Bobota pie recipe
Bobota is a traditional cornmeal pie in the Meteora region — a humble village dish that fed generations in Thessaly. Made with simple pantry ingredients and baked until golden, it sits somewhere between bread and pie, offering rustic texture and comforting flavour. Follow this authentic Meteora recipe and bring a piece of local Greek heritage to your kitchen.
The gastronomy of the region is part of its tradition. The locals’ way of life, work, and their habits are all reflected in their trademark.

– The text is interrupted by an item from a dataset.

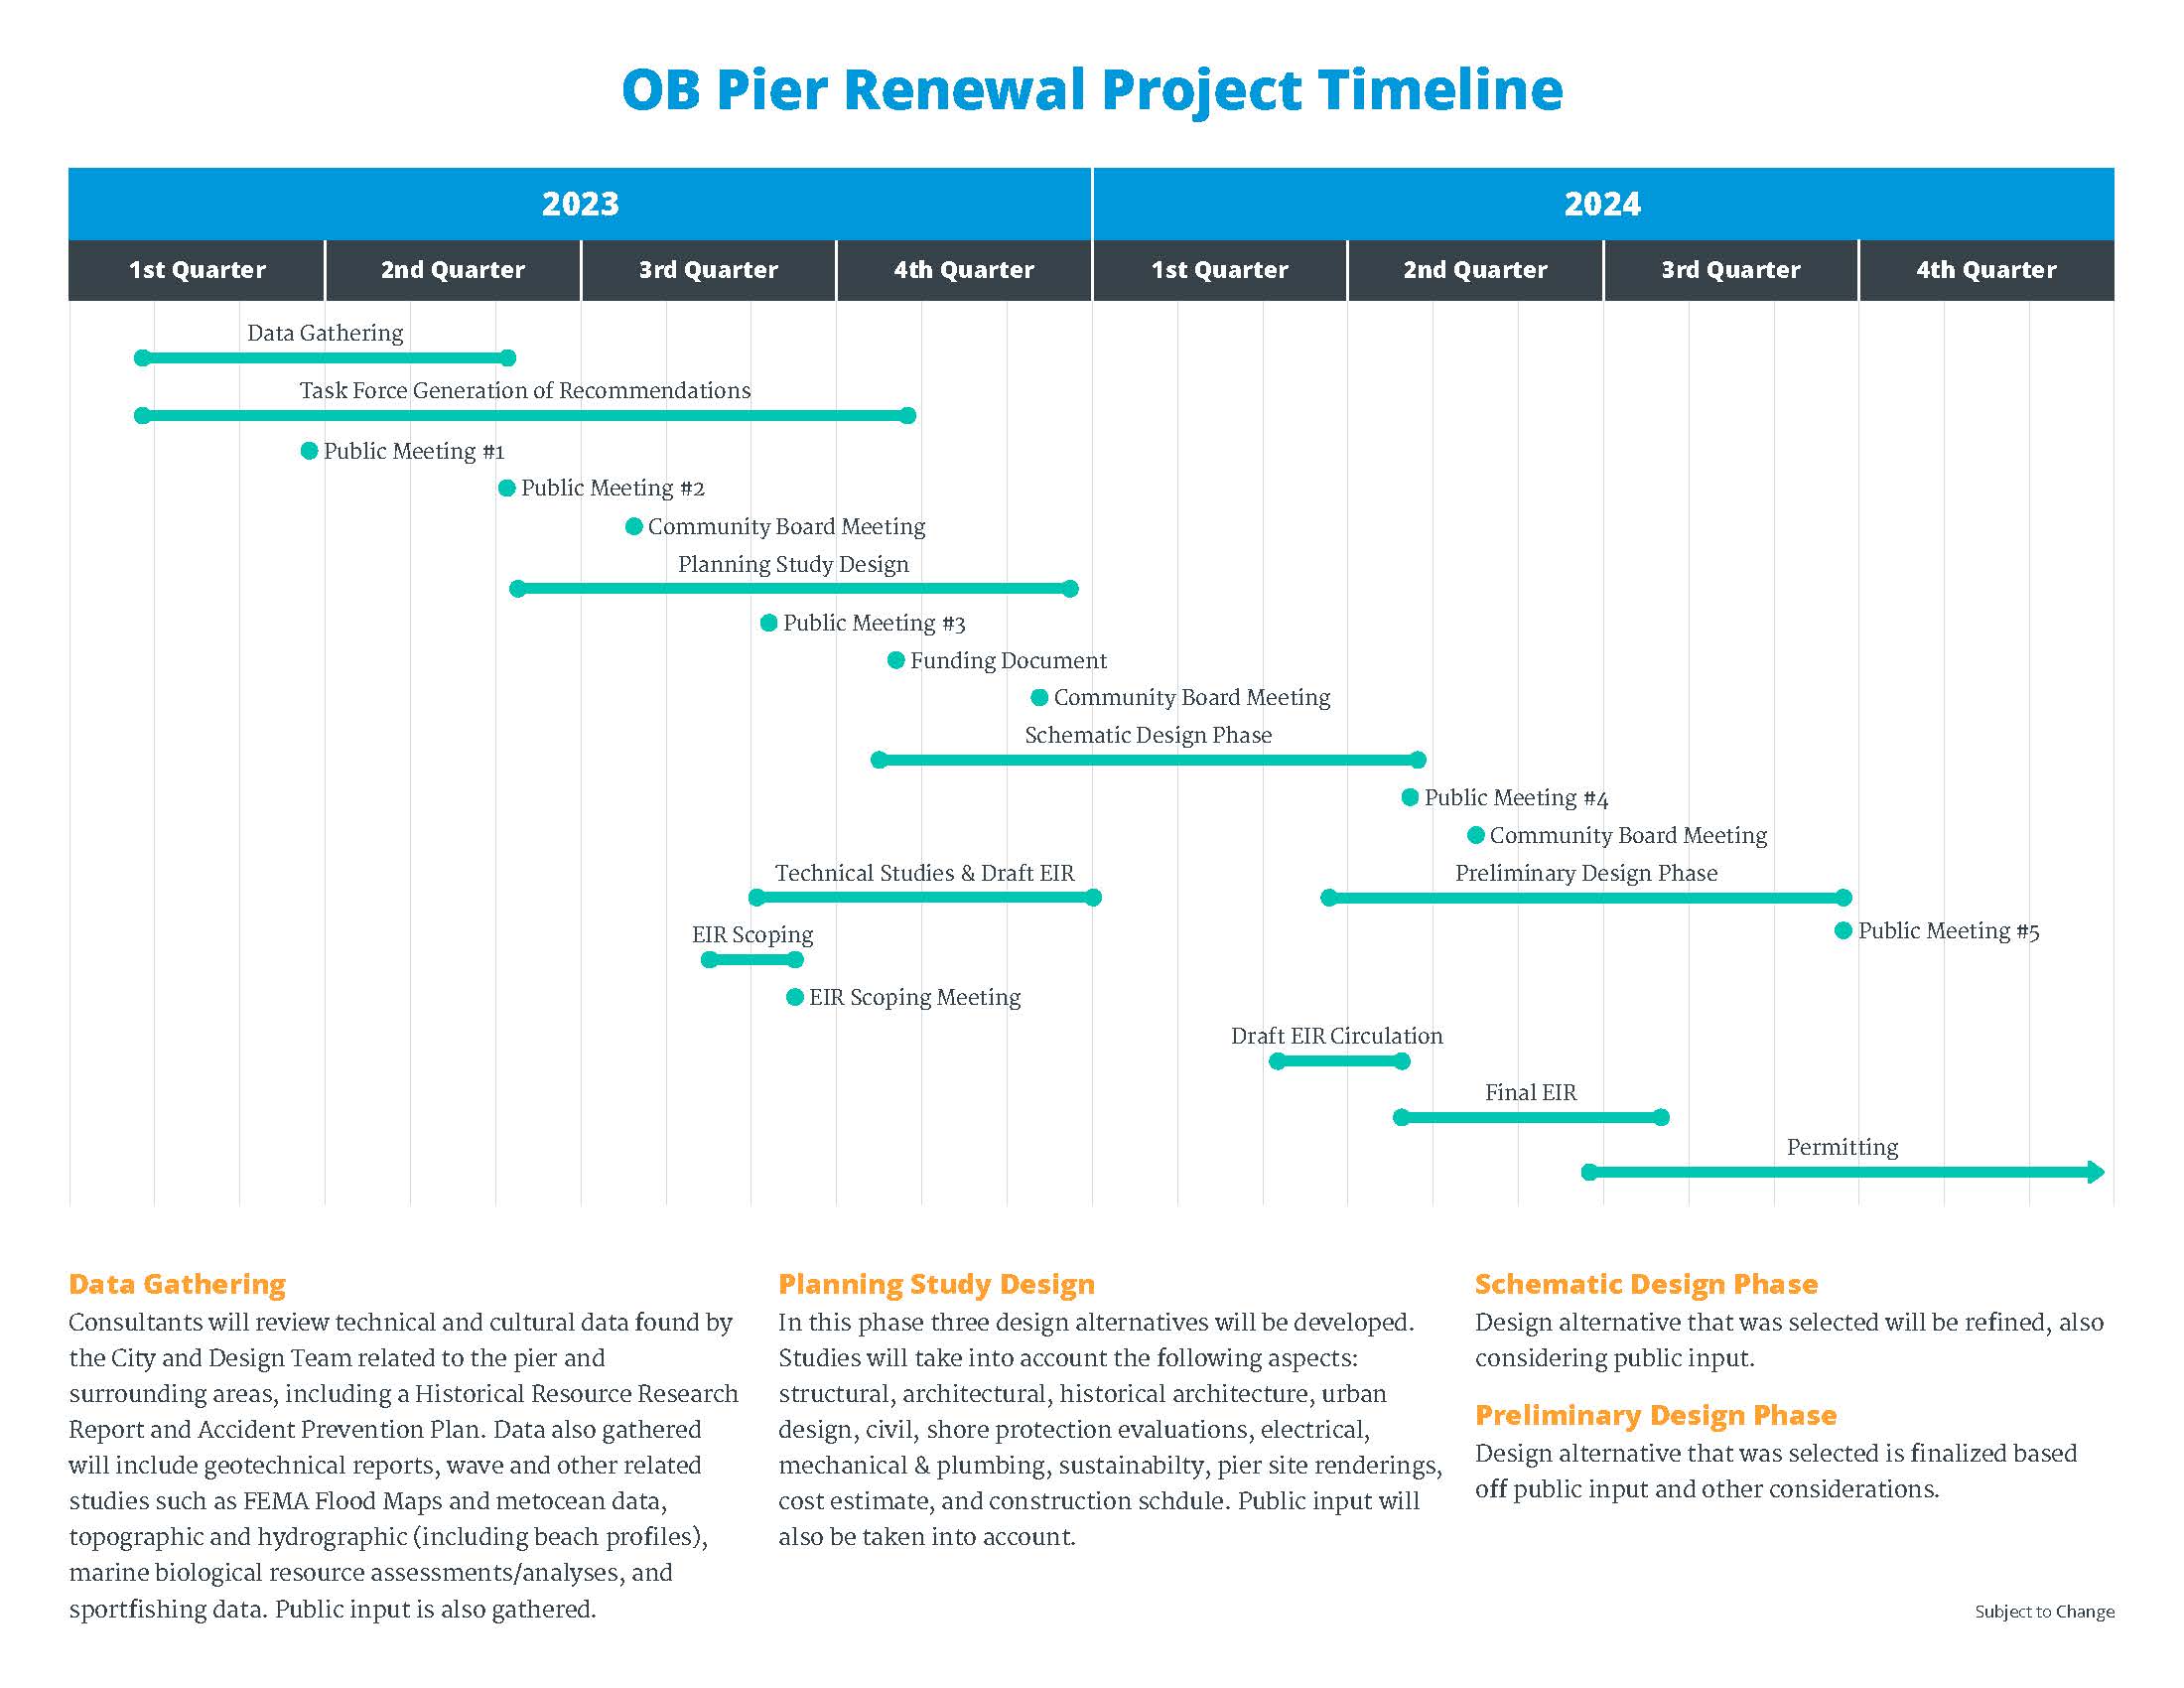 Timeline of OB Pier renewal project

This week, we bring you the bobota pie recipe, as it is made by the locals.
- Prep Time: 15 minutes
- Cook Time: 50 minutes
- Total Time: 1 hour 5 minutes
- Yield: 8 servings
- Nutrition information: 253 cal, 5.2 g fat, 2.9 g protein
Ingredients
- 1 kg of corn flour
- 1 spoon of baking soda
- 1 kg wild herbs (nettles, lapata, spinach, pazia etc)
- ½ of feta cheese
- 350 gr of olive oil
- 2 dry onions
- salt
- pepper
Preparation
We grate the onions and brown them in oil with the chopped wild herbs too.
We remove the herbs from the heat and add salt and pepper, and when they cool off, we add the grated cheese and stir the mix.
We oil the baking pan well and sprinkle the flour and baking soda mix to cover the whole large baking pan.
Then we spray it with water until the flour absorbs the water.
Next, we place half of the mix with the herbs and again sprinkle the flour by adding oil and water as well.
Having done that, we sprinkle once more the mix with plenty of flour until the vegetables and covered with it. We then spray with oil and water and bake the mix at 180 degrees for 70 minutes.
Meteora local food
Bobota is one of the most beloved traditional recipes of the Meteora–Kalambaka area, a cornmeal pie with deep roots in Thessaly’s rural life. Often called a “peasant dish,” bobota became a symbol of resilience in difficult times, when cornmeal was more available than wheat flour.
What makes Bobota special is its simplicity: a rustic batter baked in a pan until golden, creating a texture that feels like bread and pie at once. Across Greece, bobota appears in both savory and sweet variations — some families enrich it with feta and herbs, others with raisins or citrus.
In Meteora, bobota is more than food — it’s a memory of village kitchens, shared tables, and the quiet comfort of something homemade. Whether you serve it warm beside a salad, crumble it with cheese, or enjoy it plain with coffee, this local recipe delivers authentic flavor and a story from the heart of Greece.